- Born: Chelsea Connor Dominica
- Education: Midwestern State University
- Scientific career
- Fields: Herpetology

= Chelsea Connor =

Dominican herpetologist and birder

Chelsea Connor is a Dominican herpetologist and birder. Her research concerns the interaction between native and introduced Anolis lizards in the Commonwealth of Dominica. While a student, she co-founded #BlackBirdersWeek. She is an advocate for Black people in the United States being out in nature, and feeling safer when they do so.

== Personal life ==
Connor grew up as a Black, queer woman in the Commonwealth of Dominica, part of the southeast Caribbean island group the Lesser Antilles. She developed a love of birds from watching flocks of sugarbirds (Coereba flaveola) and seeing Sisserou parrots (Amazona imperialis) for the first time.

== Research ==
Connor studies the dietary overlap between invasive and native anoles (Anolis spp.) in Dominica. Her undergraduate project at Midwestern State University, Texas in the lab of Charles M. Watson, examined the diets of Anolis oculatus and invasive Anolis cristatellus; she found few prey species in common, indicating possible niche partitioning to avoid competition. She continued working on anoles as a graduate student at Midwestern State University in Texas.

== #BlackBirdersWeek ==
In May 2020, birder Christian Cooper was harassed in Central Park while watching birds—a white woman called the police on him. Connor empathised; she had also experienced suspicion while birding, with people believing because a Black person outside with binoculars must be doing something wrong. In response to Central Park birdwatching incident, Connor along with several other Black scientists founded Black Birders Week; others include Anna Gifty Opoku-Agyeman, Jason Ward, Sheridan Alford, Danielle Belleny, Joseph Saunders, and Tykee James. The National Audubon Society supported the program, which first ran May 31 to June 5, 2020.

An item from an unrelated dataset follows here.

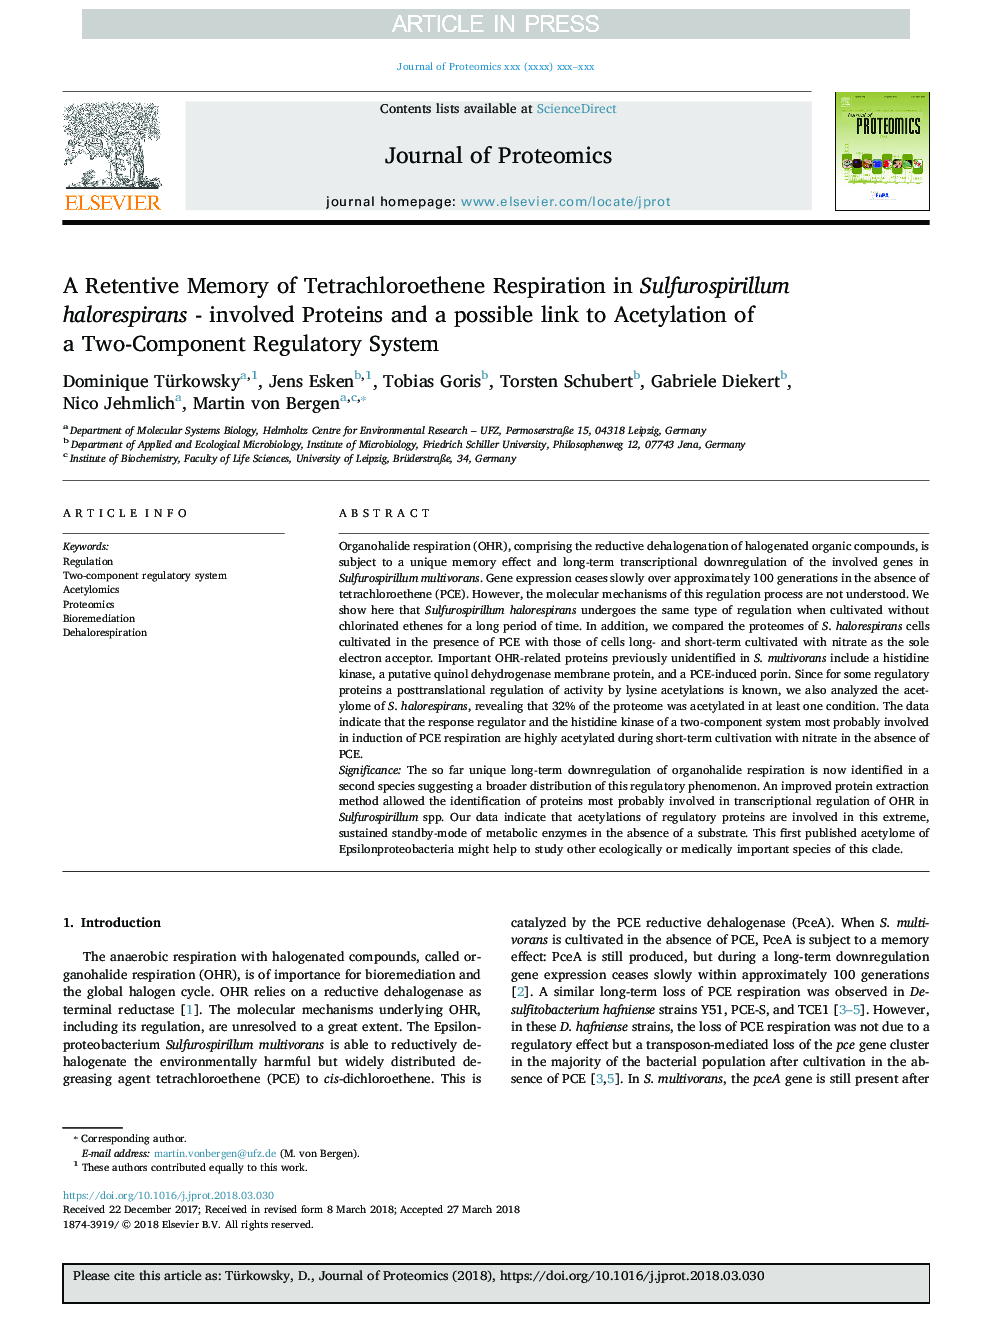 A Retentive Memory of Tetrachloroethene Respiration in Sulfurospirillum halorespirans - involved Proteins and a possible link to Acetylation of a Two-Component Regulatory System

Each day the social media campaign #BlackBirdersWeek had a different theme: #BlackWomenWhoBird, posting a picture of yourself in nature, #PostABird, and Question and Answer with Black birders.

Connor celebrates bird watching in Black communities for a week each year. She advocates for Black people and their rights. She encourages people from diverse backgrounds to observe and enjoy nature, especially groups that historically marginalised in predominantly white activities like birding: “It is upsetting to see that it is still so unsafe for a lot of Black people to go outside, and to do what they love doing outside.”